It was Kitase's task to unite the story premise provided by Sakaguchi with all the individual ideas for character episodes to create a cohesive narrative. The scenario of Final Fantasy VI was written by a group of four or five people, among them Kitase who provided key elements of the story, such as the opera scene and Celes' suicide attempt, as well as all of Kefka's appearances. The team decided to split the game into two halves, commonly termed the World of Balance and World of Ruin, because they were tired of the common game scenario of the hero narrowly saving the world. When writing the post-apocalypse second half of the story, the developers decided to let the player choose their favorite characters to emphasize that every character is the protagonist.

Regular series character designer Yoshitaka Amano's concept art became the basis for the models in the full motion videos produced for the game's PlayStation re-release. Tetsuya Takahashi, one of the graphic directors, drew the imperial Magitek Armors seen in the opening scene. By doing so, he disregarded Sakaguchi's intention to reuse the regular designs from elsewhere in the game. The sprite art for the characters' in-game appearance was drawn by Kazuko Shibuya. While in the earlier installments, the sprites were less detailed on the map than in battle, Final Fantasy VIs had an equally high resolution regardless of the screen. This enabled the use of animations depicting a variety of movements and facial expressions.

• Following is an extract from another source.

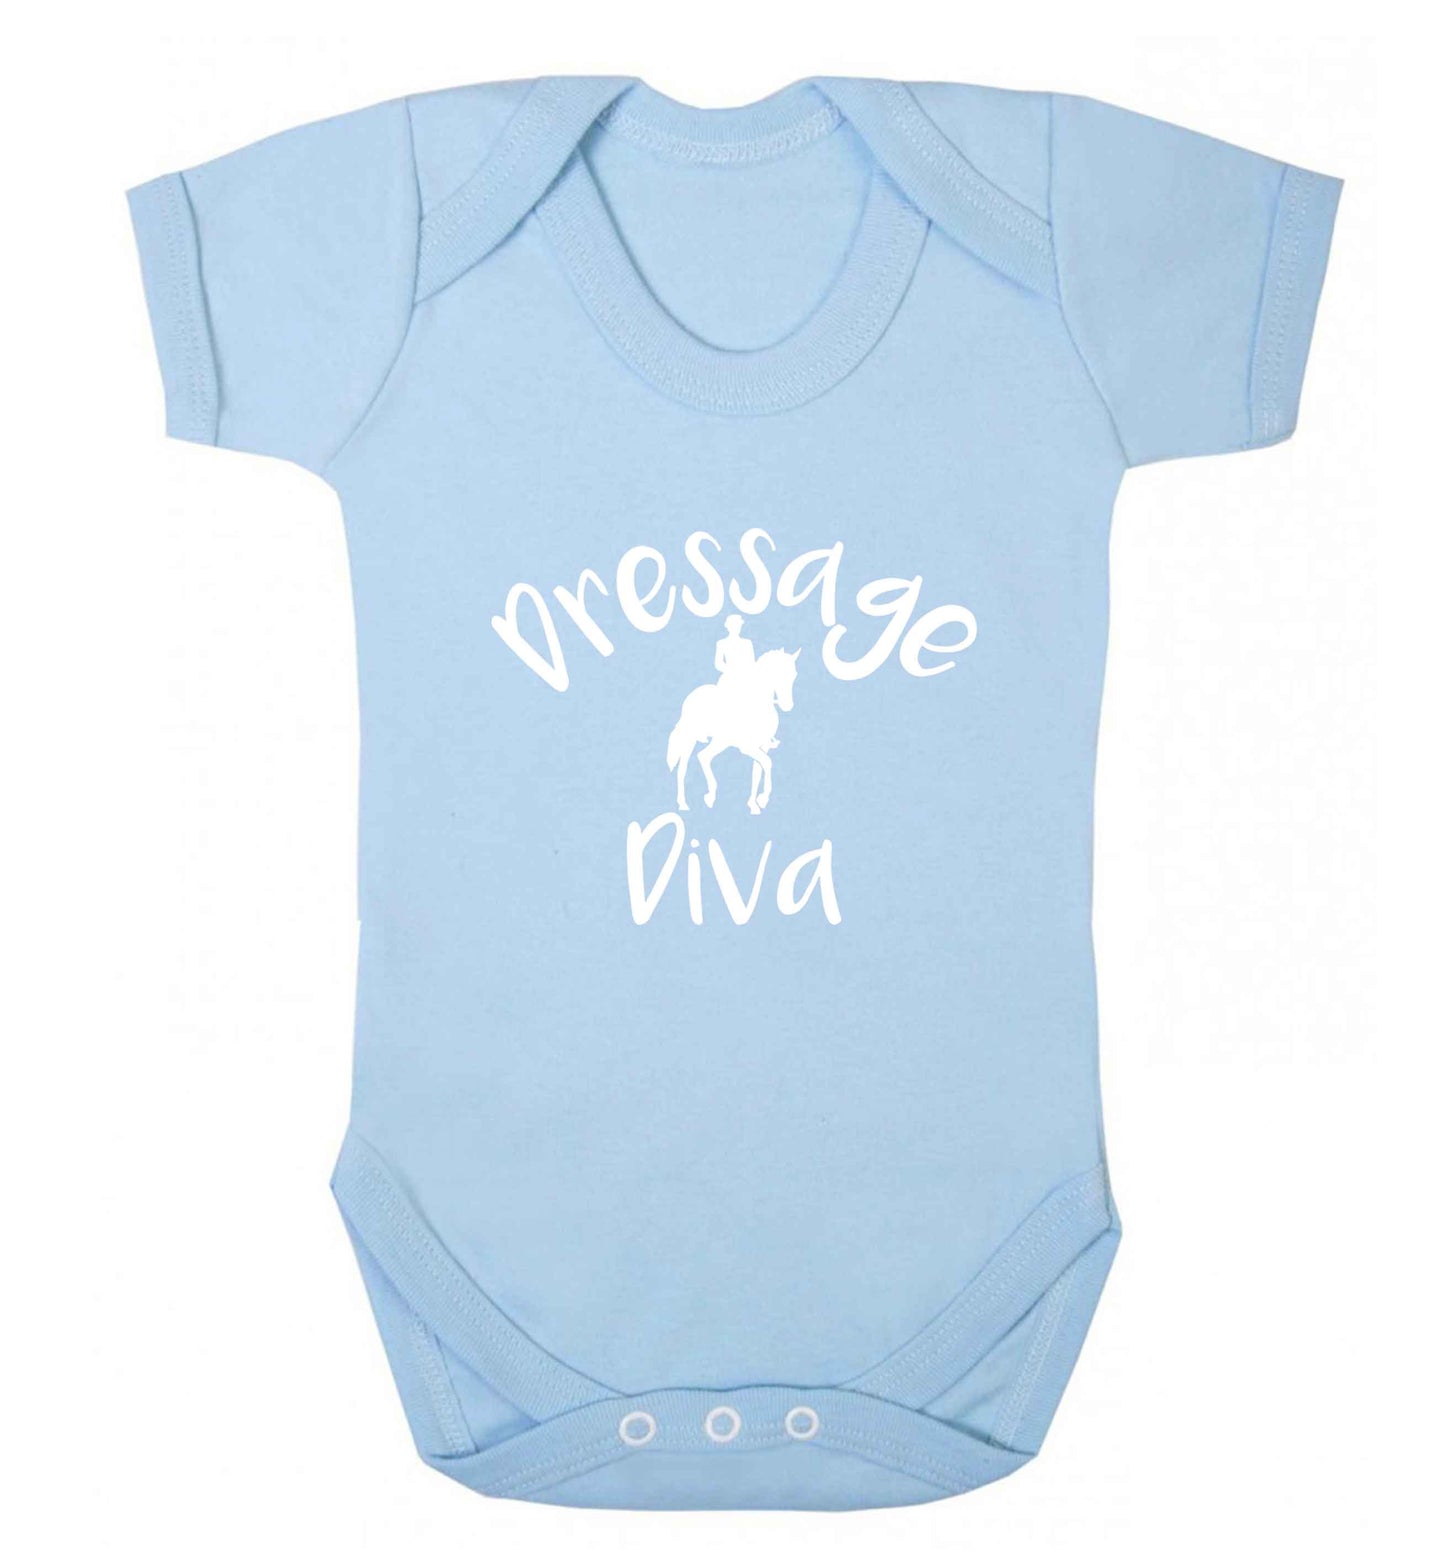 Dressage diva baby vest pale blue 18-24 months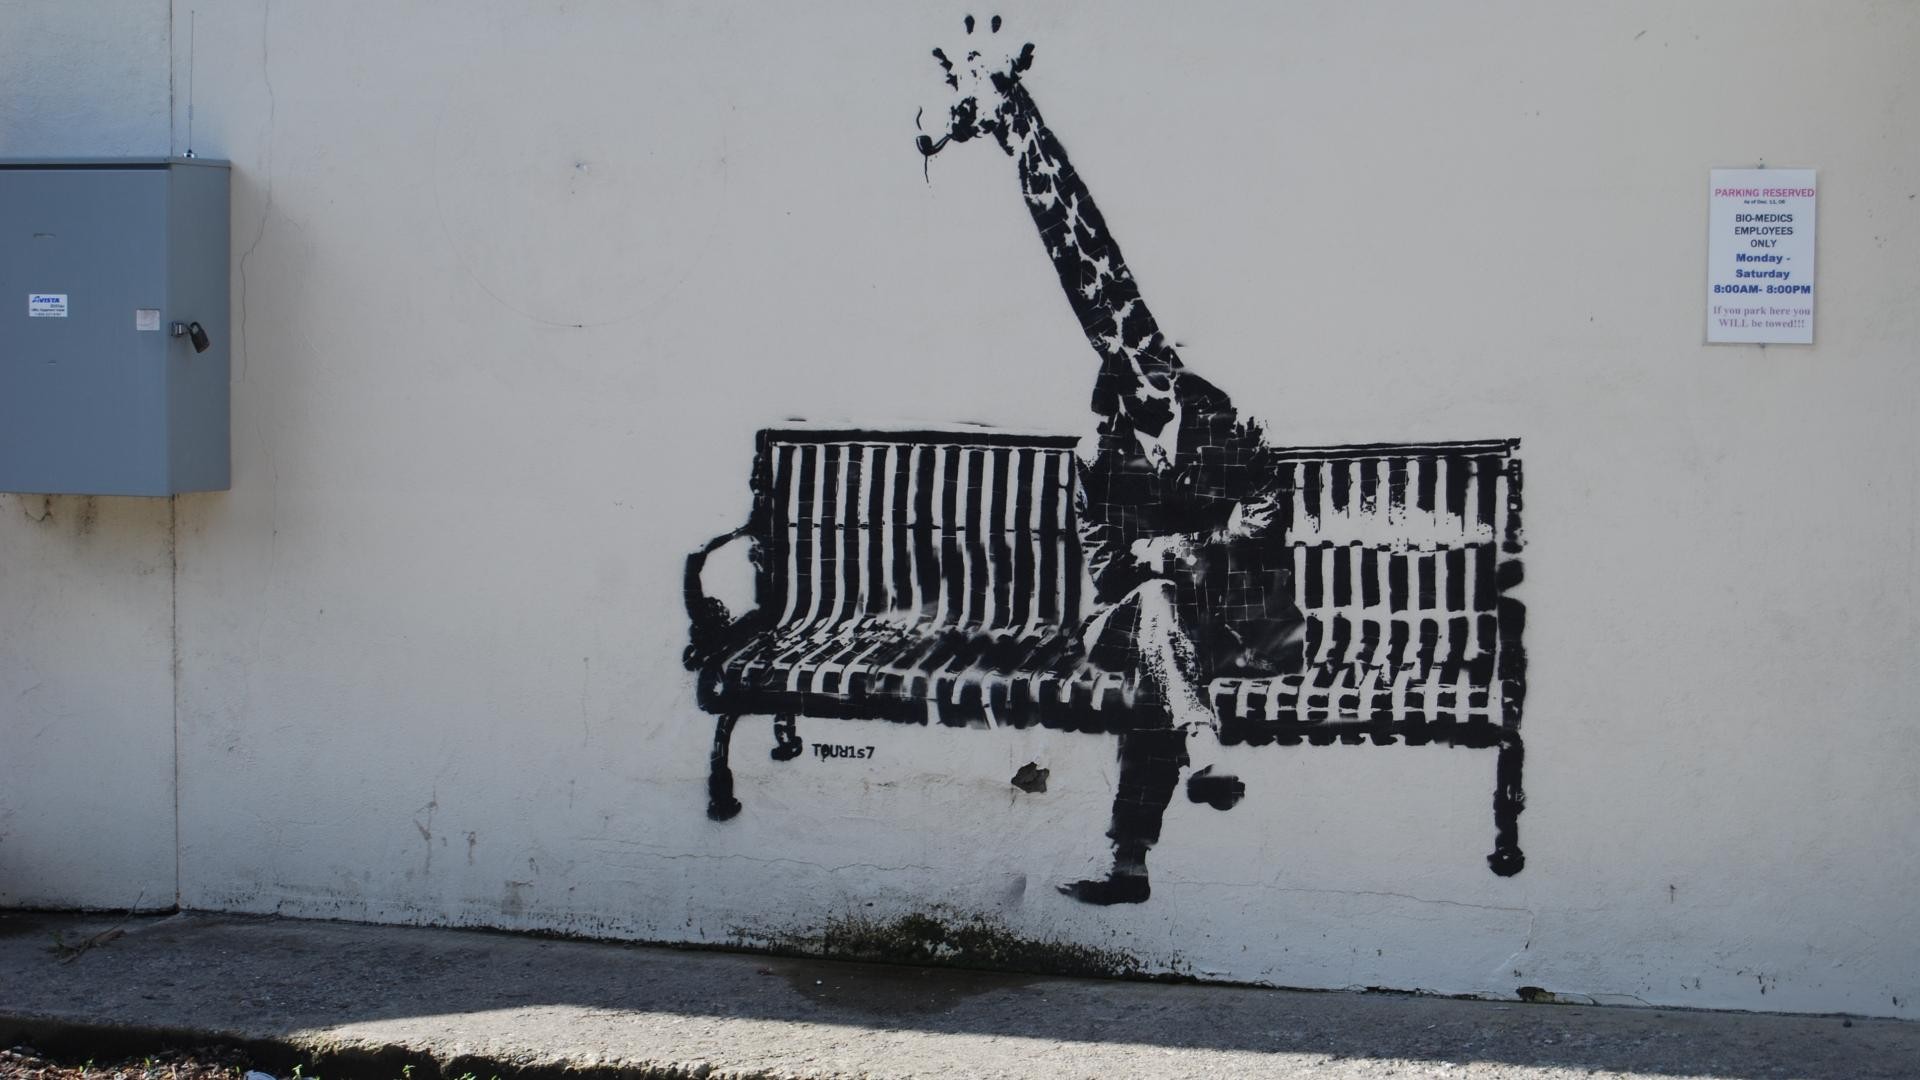 Artwork Animals Graffiti Wall Banksy Bench Sitting Legs Giraffes Shadow Street Art 1920x1080

Though it was not the first game to utilize the Super NES' Mode 7 graphics, Final Fantasy VI made more extensive use of them than its predecessors. For instance, unlike both IV and V, the world map is rendered in Mode 7, which lends a somewhat three-dimensional perspective to an otherwise two-dimensional game.

===Localization===

Graphics for the North American releases were edited to cover up minor instances of partial nudity. From left to right: Japanese SFC and GBA, North American SNES, and Western GBA releases.

The original North American localization and release of Final Fantasy VI by Square for the Super NES featured several changes from the original Japanese version. The most obvious of these is the change of the game's title from Final Fantasy VI to Final Fantasy III; because only two games of the series had been localized in North America at the time, VI was distributed as Final Fantasy III to maintain naming continuity. Unlike Final Fantasy IV (which was first released in North America as Final Fantasy II), there are no major changes to gameplay, though several changes of contents and editorial adjustments exist in the English script. In a January 1995 interview with Super Play magazine, translator Ted Woolsey explained that "there's a certain level of playfulness and ... sexuality in Japanese games that just doesn't exist here [in the USA], basically because of Nintendo of America's rules and guidelines". Consequently, objectionable graphics (e.g. nudity) were censored and building signs in towns were changed (such as Bar being changed to Café), as well as religious allusions (e.g. the spell Holy was renamed Pearl).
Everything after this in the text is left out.